Recently, digoxin use has been found to associate with higher mortality. Yet, potential mechanisms by which digoxin use increases mortality remain unclear. Increased arrhythmogenicity from digoxin use is one possibility. Thus, we aimed to evaluate the relation between digoxin and shock events in patients with implantable cardioverter defibrillators (ICDs).

Methods:

We performed a retrospective chart review of all patients with ICDs and at least 1 device interrogation at our institution between January 1, 2012, and January 1, 2015. We aimed to cover 1 year of interrogation period. Patients with heart failure, atrial fibrillation, or both were included in the analysis. Patients were divided into 2 groups based on digoxin use, defined as use of digoxin for any period of time during ICD interrogation period. Incidence of ICD shock events and electrical storms and hospitalizations were compared between the 2 groups.

Results:

The study included 202 patients. Of those, 55 patients were on digoxin and 147 were not on digoxin. Patients on digoxin were more likely to receive ICD shocks (odds ratio [OR] = 2.5, 95% confidence interval [95% CI] = 1.01-6.18, P = .04) and have increased risk of electrical storms (P = .02). Moreover, total hospitalizations were higher in digoxin users (P = .02). Multivariate logistic regression analysis also showed that digoxin use was an independent predictor of shock events (OR = 4.07, 95% CI = 1.43-11.58, P = .009).

Conclusion:

Digoxin is associated with increased shock events and electrical storms in patients with ICDs; however, large randomized controlled studies are needed to confirm our findings.

Keywords

digoxin shock events implantable cardioverter defibrillators

Introduction

Since the introduction of cardiac glycosides in the 18th century, digoxin has been used as a positive inotropic agent in patients with systolic heart failure (HF) as well as a rate-controlling agent for patients with atrial flutter and/or atrial fibrillation (AF).¹ The Digitalis Investigation Group (DIG) trial, the largest randomized controlled trial (RCT) to date, evaluated the effect of digoxin in patients with HF. The study showed that digoxin provides symptomatic relief and decreases the frequency of hospitalizations in patients with HF without any mortality benefit.² The use of digoxin in AF on the other hand is not supported by data from large RCTs. However, current practice guidelines do endorse its use in patients with AF in the setting of HF.^3,4

Recently, the safety of digoxin has been found controversial after several observational studies showed increased mortality when digoxin was used in patients with AF and HF.⁵ To date, the etiology of increased mortality with digoxin use is not well-understood. A possible mechanism is that digoxin is associated with increased arrhythmogenicity. In a post hoc analysis of the Multicenter Automatic Defibrillator Implantation Trial–Cardiac Resynchronization Therapy (MADIT-CRT) trial,⁶ digoxin use was associated with an increased incidence of ventricular arrhythmias in patients with HF. In addition, digoxin use was previously reported to be a predictor of appropriate implantable cardioverter defibrillator (ICD) shocks in patients with HF.⁷ In the present study, we aimed to evaluate whether digoxin is associated with increased rates of ICD shocks in patients with HF and/or AF.

Methods

Patient Selection

We performed a retrospective chart review of all patients with ICDs who had at least 1 visit for device interrogation at the University Health in Shreveport, Louisiana between January 1, 2012, and January 1, 2015. The study was approved by the institutional review board of Louisiana State University Health Science Center in Shreveport, Louisiana.

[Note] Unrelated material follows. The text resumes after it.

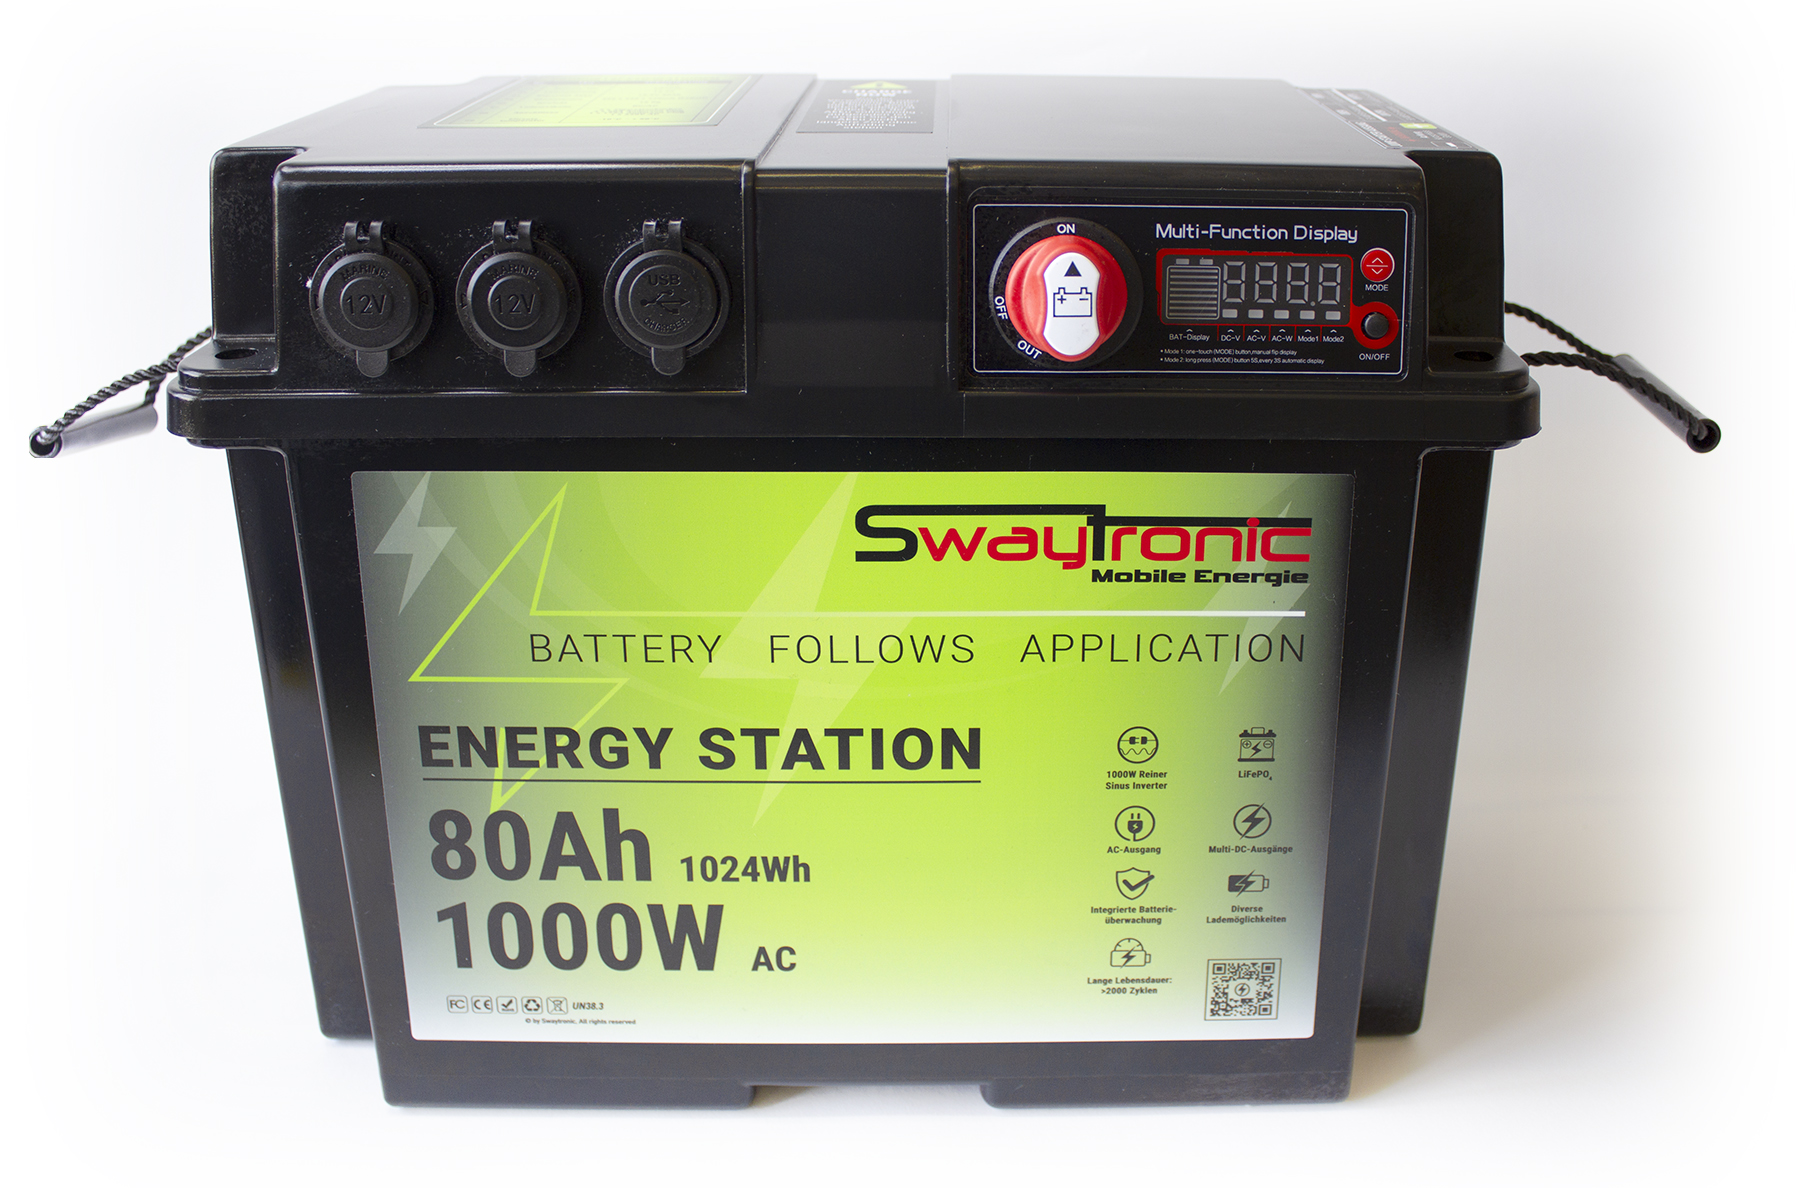 SWAYTRONIC - Energy Station 80Ah 1000W

Patients included in the study had to be 18 years of age or older and had AF and/or HF. Patients were excluded if they had end-stage renal disease during the period of interrogation or if ventricular arrhythmia/ICD shock was in the setting of ST-segment elevation myocardial infarction.

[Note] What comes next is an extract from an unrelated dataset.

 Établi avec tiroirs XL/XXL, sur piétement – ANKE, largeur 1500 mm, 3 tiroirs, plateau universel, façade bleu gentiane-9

Atrial fibrillation could be paroxysmal, persistent, or permanent for inclusion in the study. For the purpose of this study, HF was defined as an average ejection fraction (EF) of <45% based on all echocardiograms done during the period of interrogation. If no echo was available during that duration, EF was obtained from either multigated aquisition scan or a nuclear stress test. If EF information was not available from any of the aforementioned sources during the period of interrogation, information was obtained from the most recent study in the medical record.

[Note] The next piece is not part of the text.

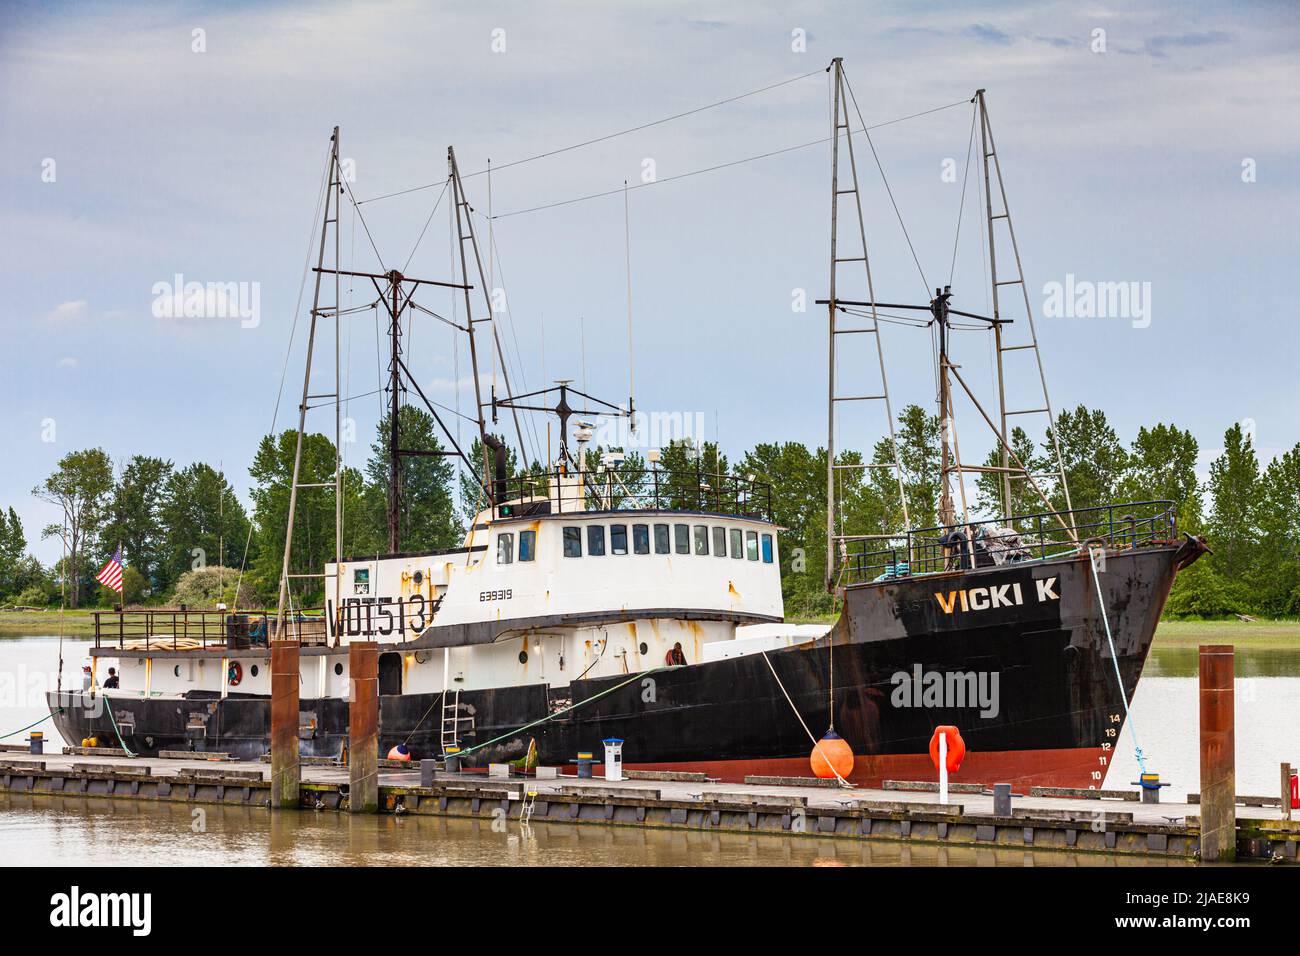 An American fishing vessel Vicki K docked in Steveston Canada before heading north to Alaska Stock Photo

Data Collection and Patient Grouping

An electronic medical record was used to collect demographic and clinical data on all patients included in the study. Device interrogation data were obtained from the 3 most recent interrogations during the study time line to cover at least 1 year. If those 3 interrogations covered less than 1 year, more interrogations were included, when available, until a 1-year coverage was reached. The most recent interrogation was obtained from an outpatient visit in all patients and then the preceding interrogations were either outpatient or inpatient.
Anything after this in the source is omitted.